Hall of Fame Super Gold

Re: Limit the bandwitch

I do not recommend to use rate limit as suggested above because it has adverse effects on tcp performances.

Re: Limit the bandwitch

Hi paolo,

I have been using this in lot of sites and never found any performance issuie. I would also add that this were not for much cricital sites but still the router was running clean and also the interface with the limit on them.

If possible can you explain about the tcp performance issue ?

Regards,

Pravin

Hall of Fame Super Gold

Re: Limit the bandwitch

With rate limit and no buffer, any bandwidth excess (normal burst) is cut abruptly and leads to retransmission, consequently waste of bandwidth, and it makes impossible for TCP to work properly. It is like having a WAN circuit without packet queuing (bad thing). This effect is largely documented in networking papers.

Traffic shaping instead buffers excess traffic ,to send it when possible.
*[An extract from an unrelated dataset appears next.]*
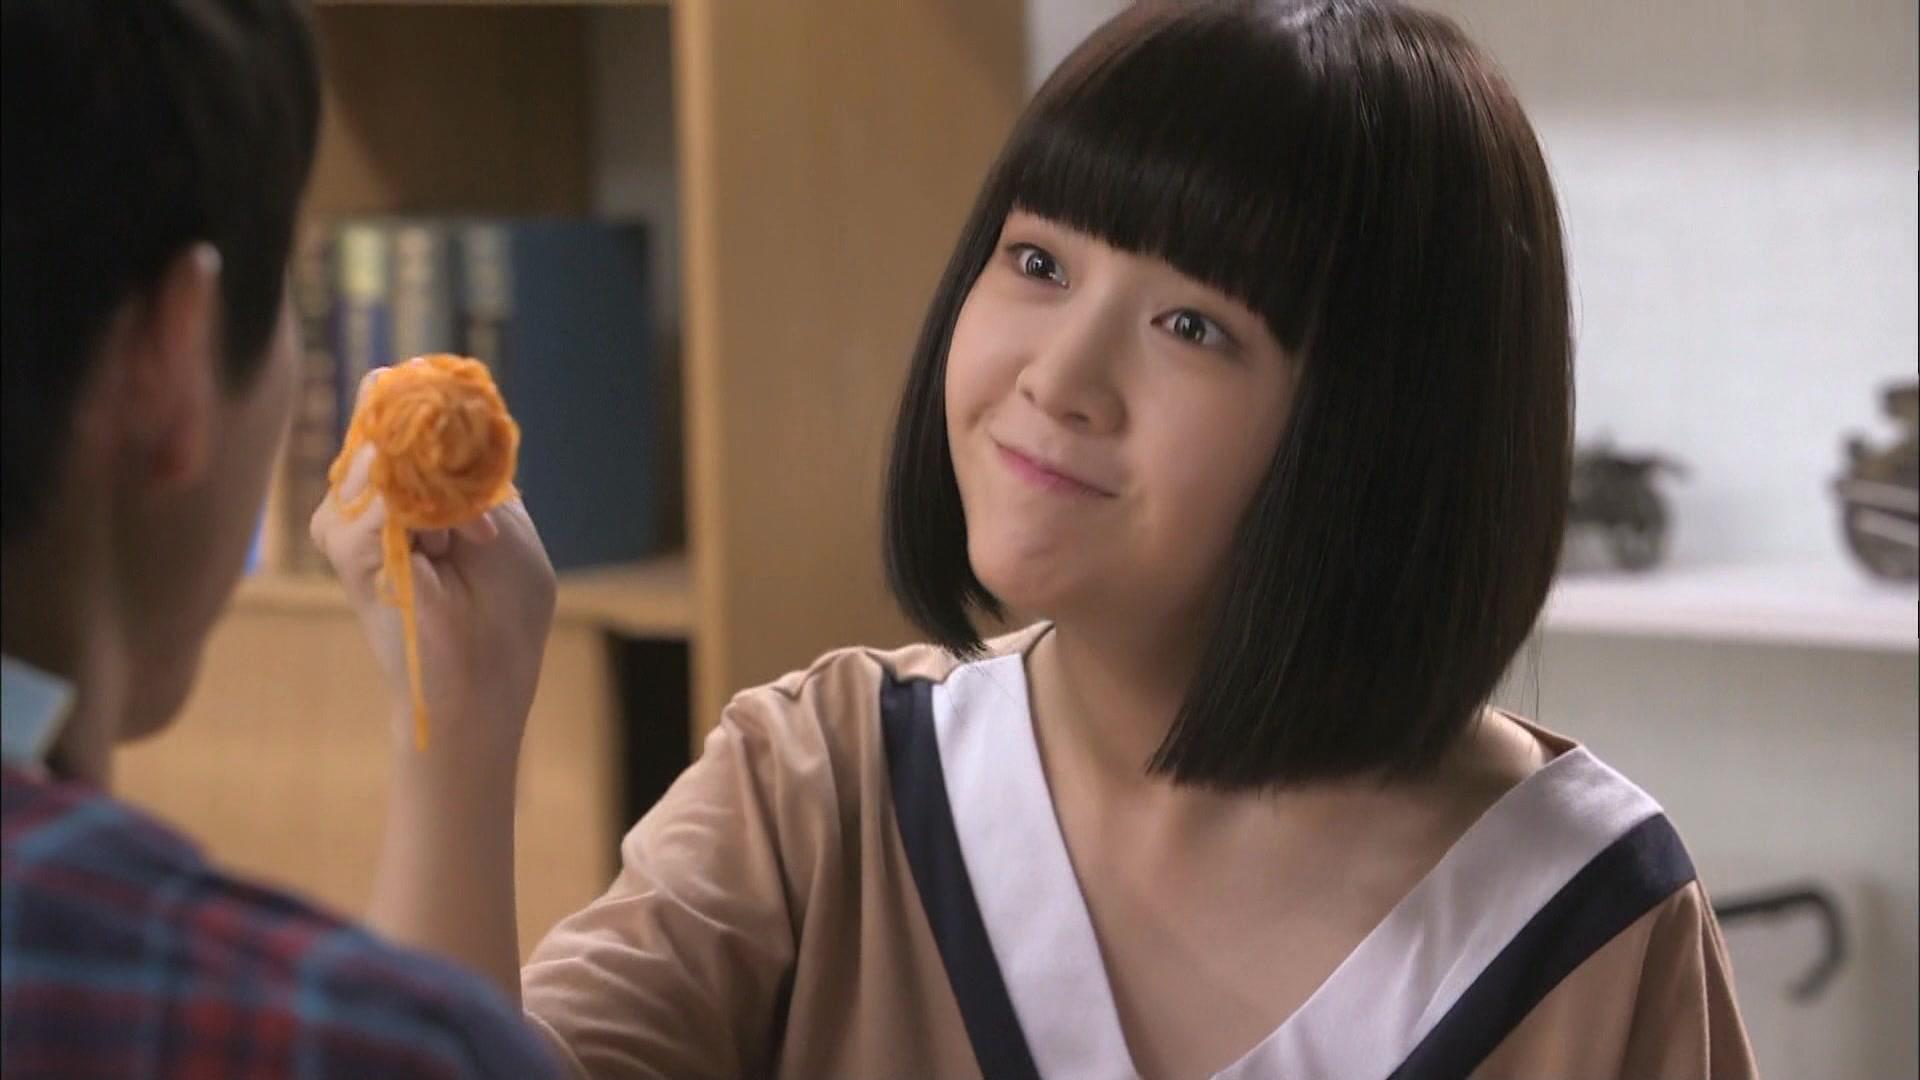 Dear Fair Lady Kong Shim Episode 6

You can compare with tcperf between the two options and see the difference.

Community Member

Re: Limit the bandwitch

So... Do u advice me to use "traffic-shape" instead "rate limit"? Or can I test both to see what fit better on my netowrk?

Hall of Fame Super Gold

Re: Limit the bandwitch

As said above, I recommend traffic-shape. If you have proper equipment and time, you can of course test both methods.

As a recognition to those providing naswers, please rate useful posts!

Community Member

Re: Limit the bandwitch

Thanks you all.

The answers clarified me so much.

Tauer

Super Bronze

Re: Limit the bandwitch

I too would normally recommend a shaper over a policer, but that's more due to the fact that shapers often seem to implement WFQ where policers mimic single queue FIFO. Also, with policers, to really optimally use them, you need to understand how to tune the interval or burst sizes.

That said, there are situations where you'll be forced to use a policer. For instance, assume you want to have an aggregate bandwidth limit for multiple output interfaces, might be accomplished with an inbound interface policer (if only one inbound source interface) or with an aggregate policer (supported on some L3 switches).

In your case, the ideal might be an outbound shaper on both your router with the connection to the ISP, and on the ISP's outbound to you. (If the ISP won't limit bandwidth to you, then there's the question of why restrict it after you've already received if. If the ISP has tiered rates, restricting bandwidth after it's been delivered to you from the ISP is likely to have already been charged against your usage.)